LLVM has a SmallVector in which the number of inlined elements can be specified via a generic value parameter, i.e. SmallVector<UUID, 3>. This seems like the ideal approach if/when Swift gets generic value parameters.

In the meantime, it could make sense to have a SmallArray that uses an inline tuple of a hardcoded number of elements (e.g. 3). One reason to take this more naive, hardcoded approach, is to guarantee that Element is de-initialized if it's a non-trivial type. A tuple knows how to de-initialize itself. If we were to dynamically write an arbitrary number of elements into the space otherwise occupied by the Array pointer, we don't have a deinit hook today to go back over and de-initialize those elements.

Types, like String, that use this optimization in the standard library today have (the equivalent of) a known hard-coded, trivial Element type, which makes it easier to implement this optimization.

If you're interested in working on this, consider opening a PR against the Swift Collections package!
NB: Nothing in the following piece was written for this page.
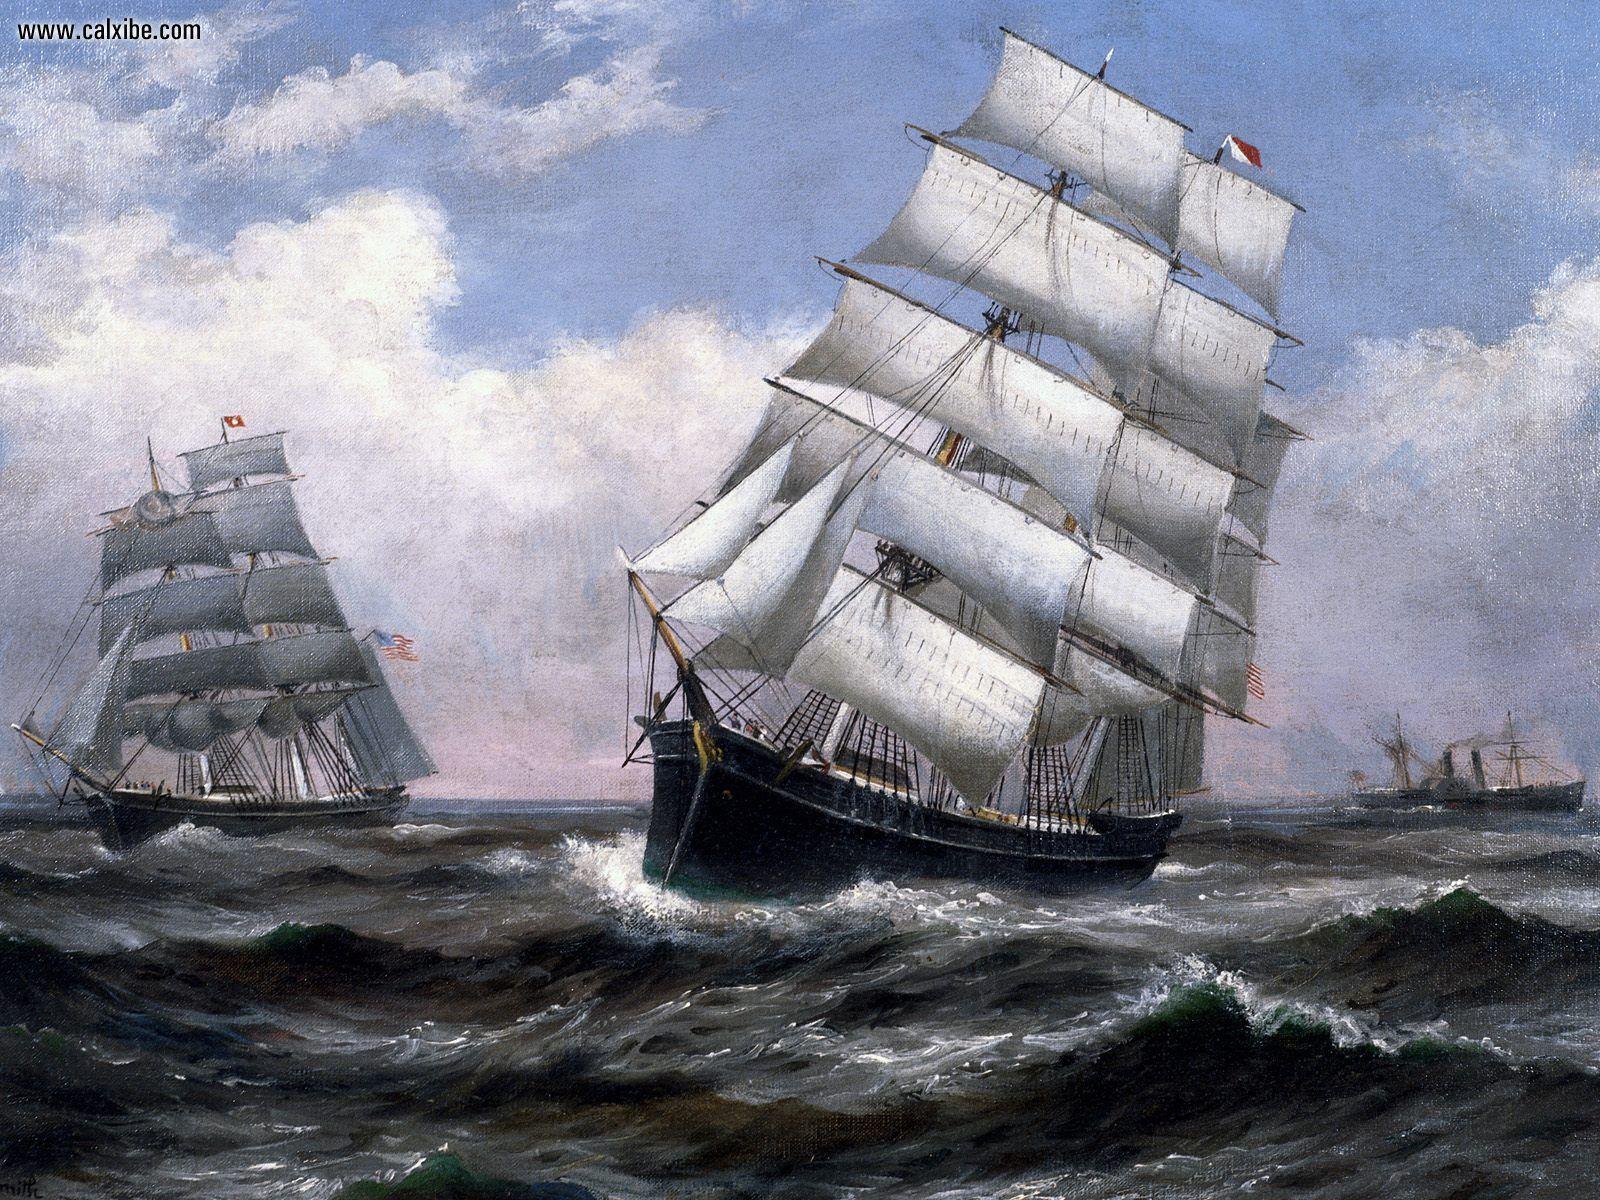 tall ship wallpaper. Sailing ships. Ships and Sailing

tyoung · April 15, 2021, 3:26pm

The inline tuple is an interesting approach... having worked extensively with llvm::SmallVector in my C++ code, it's a real pain to work with in the debugger due to the casting that goes on there. An inline tuple would be much easier to inspect.

One nice thing about LLVM's implementation is that there's a shared base class for all SmallVector derivatives, so you can have a function that takes any SmallVector (via type erasure to SmallVectorImpl), regardless of whether it pre-allocates 1, 2, ..., or n elements. If SmallArray did go down the path of hard-coded sizes and opted to have multiple sizes (e.g., SmallArray4, SmallArray8, ... SmallArrayN), a shared base would be nice so that could be passed interchangably.
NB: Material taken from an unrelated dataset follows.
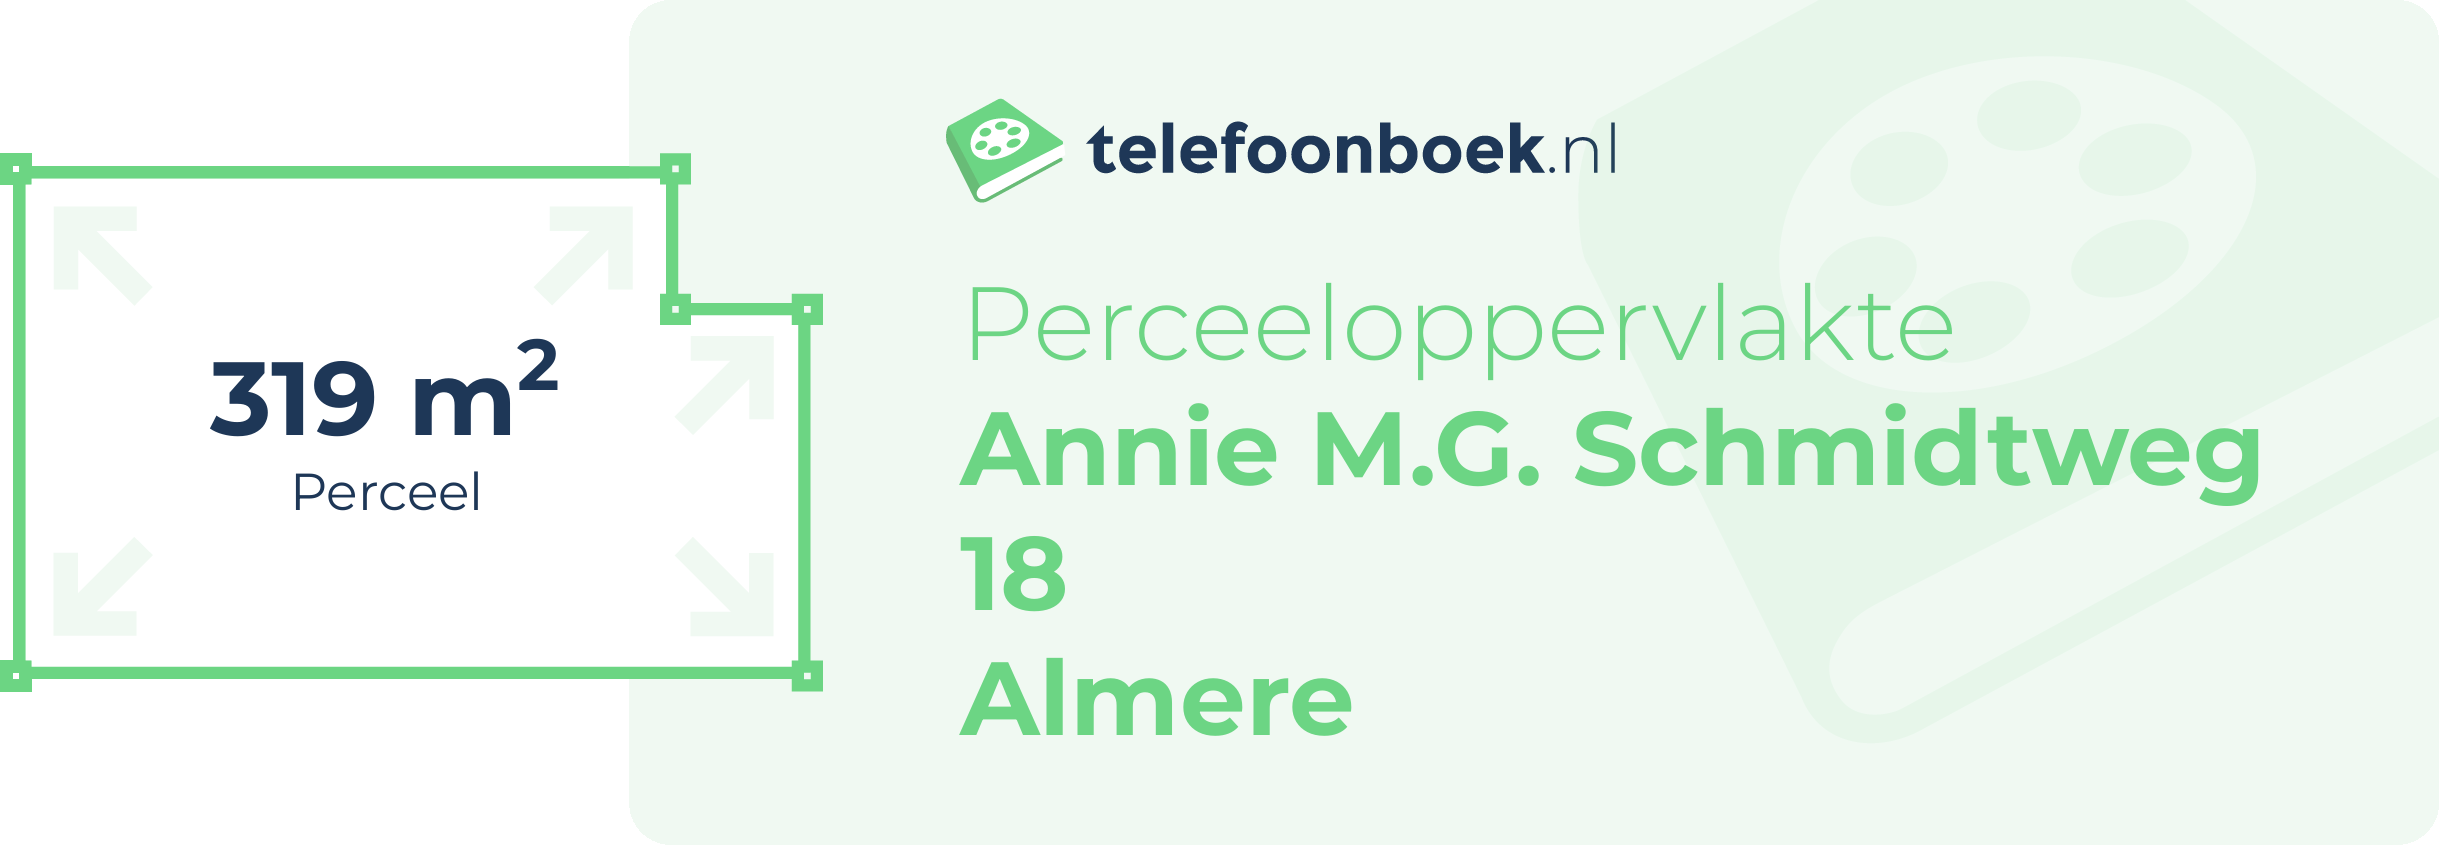 Perceeloppervlakte Annie M.G. Schmidtweg 18 Almere

lorentey · April 23, 2021, 1:09am

I think we already have Sequence (or RandomAccessCollection) for the shared base -- we don't need something that's specific to inline buffers.

I'm not sure we want to implement multiple sizes. The stdlib has a tuple-based FixedArray implementation that used to use gyb to stamp out any size we needed; we've now cut it back to a 16-element tuple. (And we're only using it for String stuff, with UInt8/UInt16 Elements, so it's not pulling its weight at all.)

Small array is one of those types that are useful in practice and desirable to have but (1) we can't do a really good job of implementing it in the language we currently have (because we cannot flexibly stack-allocate n items) and (2) it is also somewhat prone to misuse (because instances have a remarkably large constant memory footprint, even if they spill over into a heap-allocated buffer; so ideally these would only be used in local variables, and never copied).

Not being able to do a really good implementation means that while we could (and probably should) add a small array to the Collections package, it will be on a lesser tier than most other data structure implementations there: we won't have the expectation that it'll be ready to go through Swift Evolution any time soon. (It would be a little like UnsafeAtomics in the Atomics package, although with fewer deathly traps.)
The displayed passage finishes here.